105 ILCS 5/34-84 (emphasis added). Section 34-85, in turn, spells out the process for removing a tenured teacher for cause, including written notice of charges and a hearing. 105 ILCS 5/34-85. Thus, under Illinois law, tenured teachers may not be terminated from their jobs except for good cause. Cf. Harbaugh v. Bd. of Educ., 716 F.3d 983, 986 (7th Cir.2013).
But as Price already explained, section 34-84 deals only with terminating employment on some performance-based ground; section 34-84 says nothing about a tenured teacher’s immunity from economic layoff. 2013 WL 1914325, at *6. Sections 34-84 and 34-85’s provisions for tenure and removal do not exempt tenured teachers from being laid off; that is, a tenured teacher does not have a property interest in absolute continued employment that shields her from layoff decisions driven by economic and other budgetary factors. Land v. Bd. of Educ., 202 Ill.2d 414, 269 Ill.Dec. 452, 781 N.E.2d 249, 256 (2002). So notwithstanding the restrictions that section 34-84 and 34-85 place on the Board’s power to discharge tenured teachers for cause, the Board retains discretion to lay off employees—even those who have achieved tenure status—in good faith for *835lack of work or to save money. See Perlin v. Bd. of Educ., 86 Ill.App.3d 108, 41 Ill. Dec. 294, 407 N.E.2d 792, 796 (1980) (citations omitted); see also Chi Teachers Union, 357 Ill.Dec. 520, 963 N.E.2d at 927 (holding that section 34-84 does not give laid-off tenured teachers “a substantive right to be rehired after an economic layoff” (emphasis added)).
As this case law distinguishing discharges and layoffs makes clear, it is then- very important to determine whether a tenured teacher’s termination was motivated by a performance-based reason or an economic one. The difference determines whether process is “due” to that teacher. If the reasons driving a layoff are economic, the Board can consider employee performance and qualifications when deciding whom to lay off. Indeed, section 34-18(31) envisions that these factors would be relevant if the Board formerly adopted layoff procedures. But if the Board is targeting a tenured teacher solely for performance issues, the teacher has a protected property interest under section 34-84 and is entitled to due process.
Since the filing of the Board’s previous motion to dismiss, Plaintiffs have rearticu-lated their due-process claim under section 34-84 so that it now survives, even though it did not survive before.
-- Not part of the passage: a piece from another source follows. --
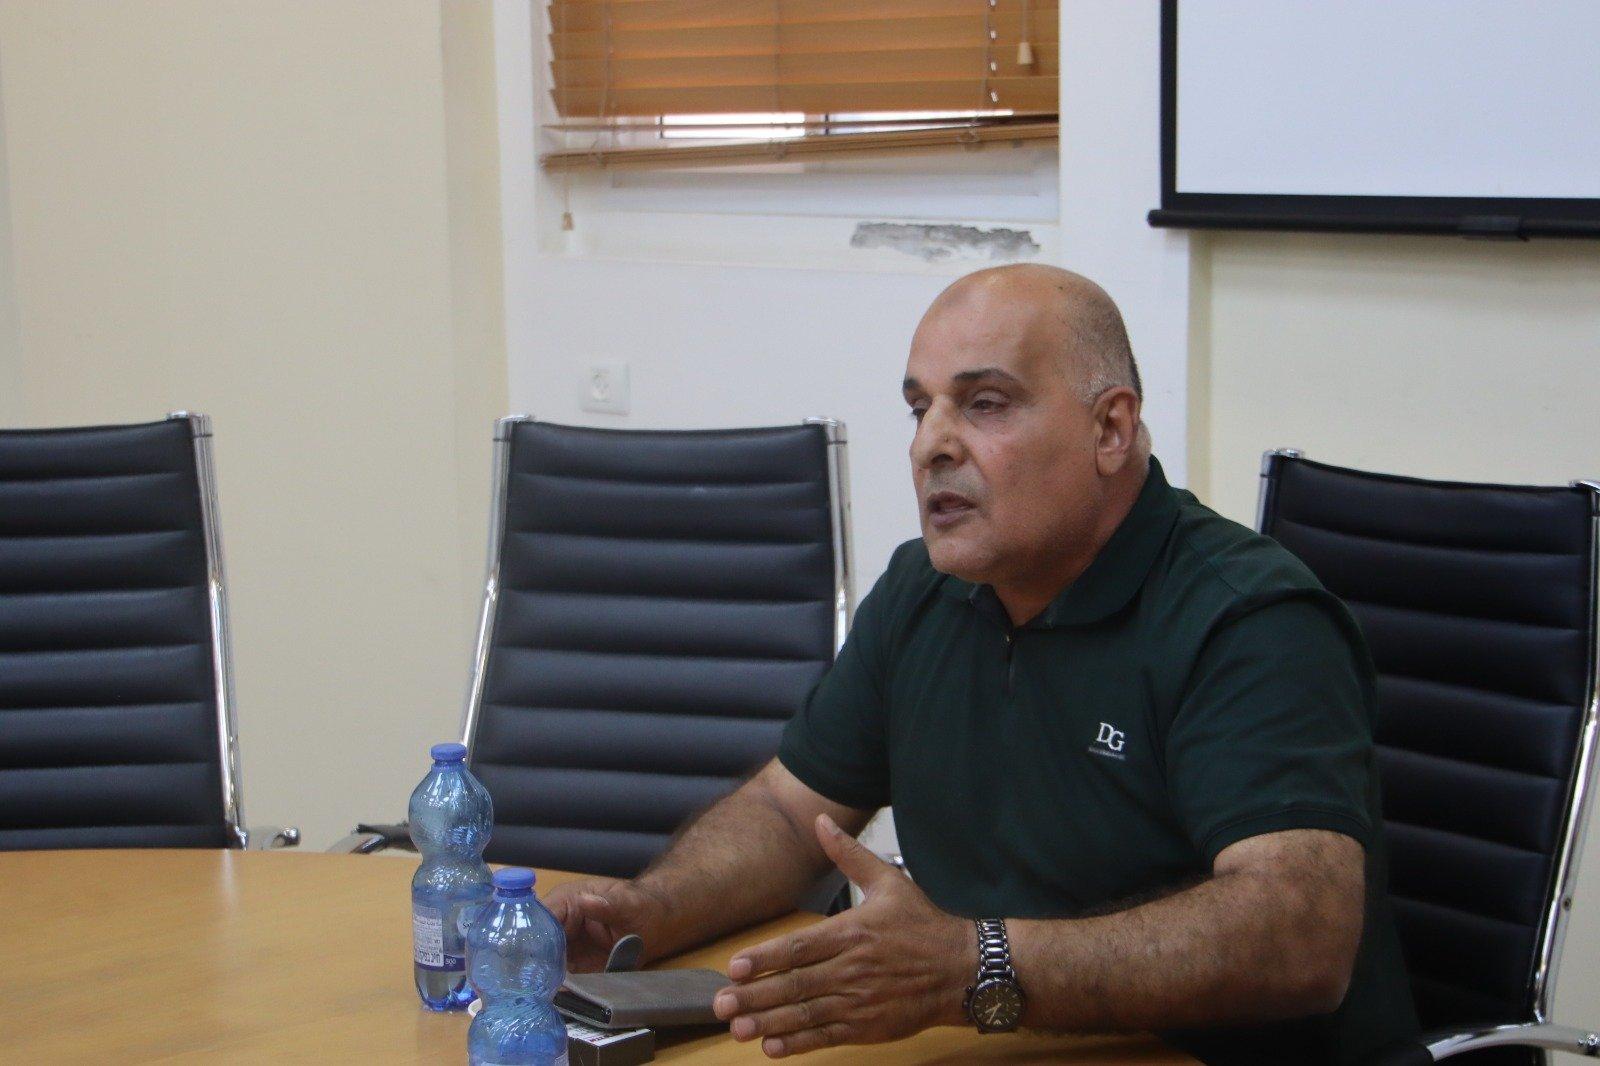 وفد وإدانة حادثة العنف التي تعرض لها رئيس باقة الغربية-7

See Price, 2013 WL 1914325, at *6-7 (granting the Board’s motion to dismiss). Now, Plaintiffs do not allege that their terminations were economic layoffs. Pis.’ Resp. Br. at 1, 4-5. Instead, they believe they were discharged because of pretextual claims about their job performance and qualifications. Id. at 1. Because Plaintiffs have reframed their claim, they have now articulated a constitutionally protected property interest under section 34-84.
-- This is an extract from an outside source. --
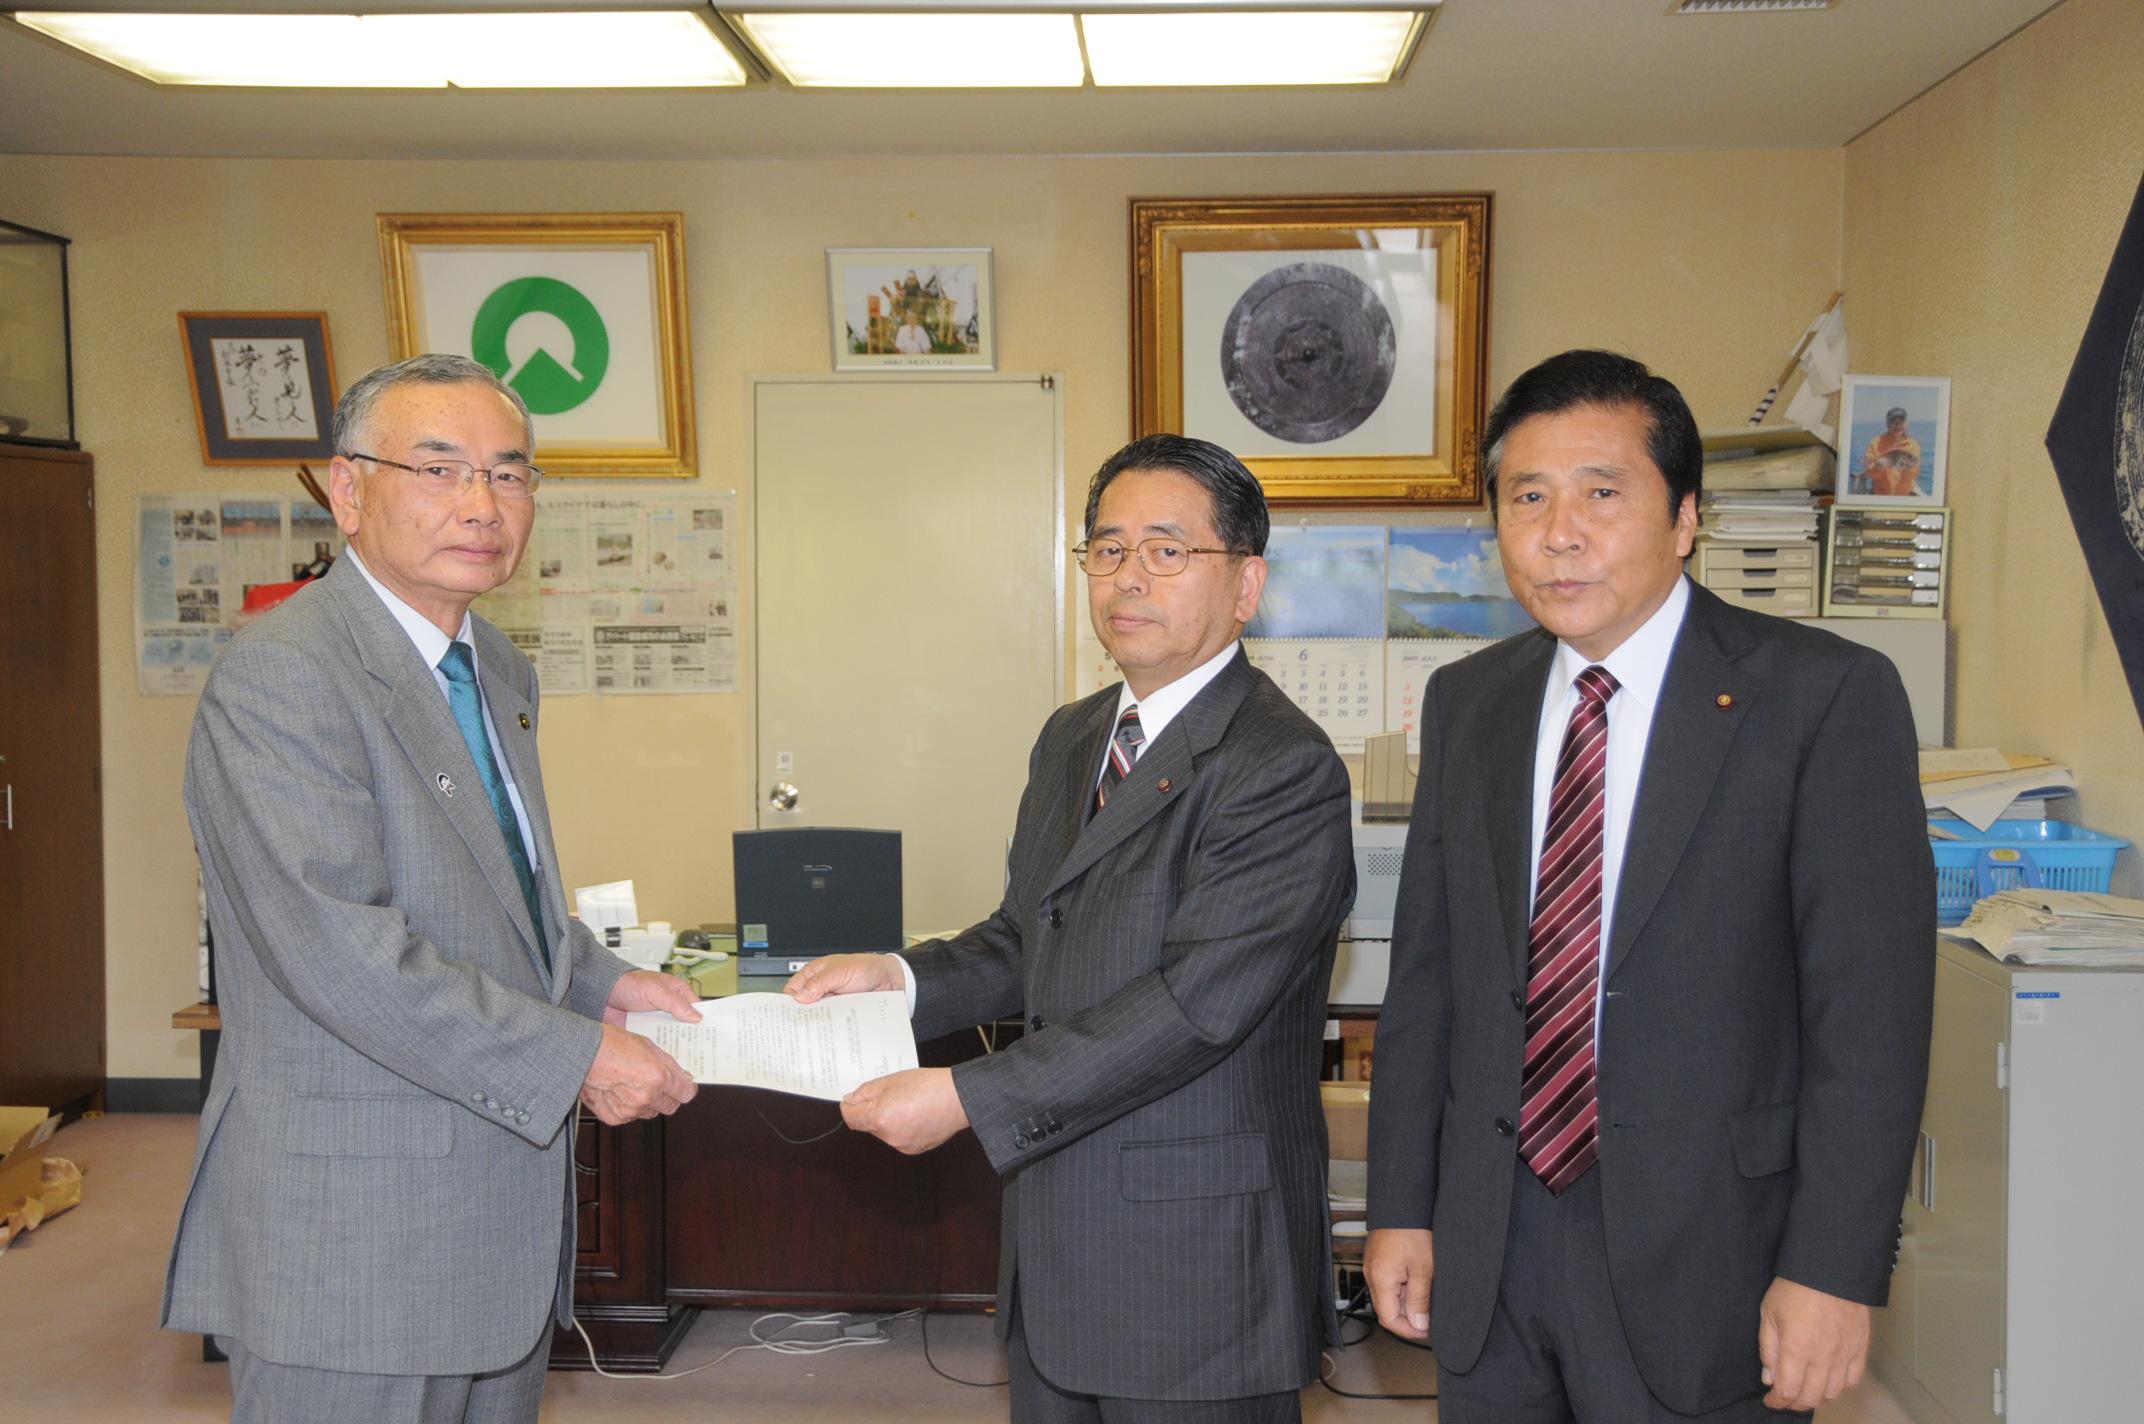 松本市長に要望書を渡す

The Board urges the Court to ignore this recharacterization of Plaintiffs’ due-process claim. See Def.’s Reply Br. at 1-6. The Board argues that it is clear that economic reasons were the basis for the terminations. It is true that Plaintiffs’ terminations in the summer of 2010 occurred at the same time that budget deficits forced the Board to lay off over 1,000 teachers. See Chi. Teachers Union, 357 Ill.Dec. 520, 963 N.E.2d at 921 (noting that the Board laid off 1,289 teachers in several phases during the summer of 2010). Indeed, the Huberman Article that Plaintiffs attach to their complaint even references the Board’s “estimated' half-billion-dollar budget deficit.” Huberman Article at 1. The Board also points out that although Plaintiffs repeatedly use the term “laid off’ in their Third Amended Complaint, they never specifically allege that they were discharged “for cause.” See, e.g., Third Am. Compl. ¶¶ 84, 94. What’s more, Plaintiffs rely heavily on section 34-18(31) of the School Code—a provision that applies only when a layoff is not for cause. See 105 ILCS 5/34-18(31) (authorizing the Board to establish procedures only for “the layoff or reduction in force of employees and the recall of such employees”). Together, these allegations do suggest that it would be reasonable to infer that economic factors contributed to Plaintiffs’ terminations.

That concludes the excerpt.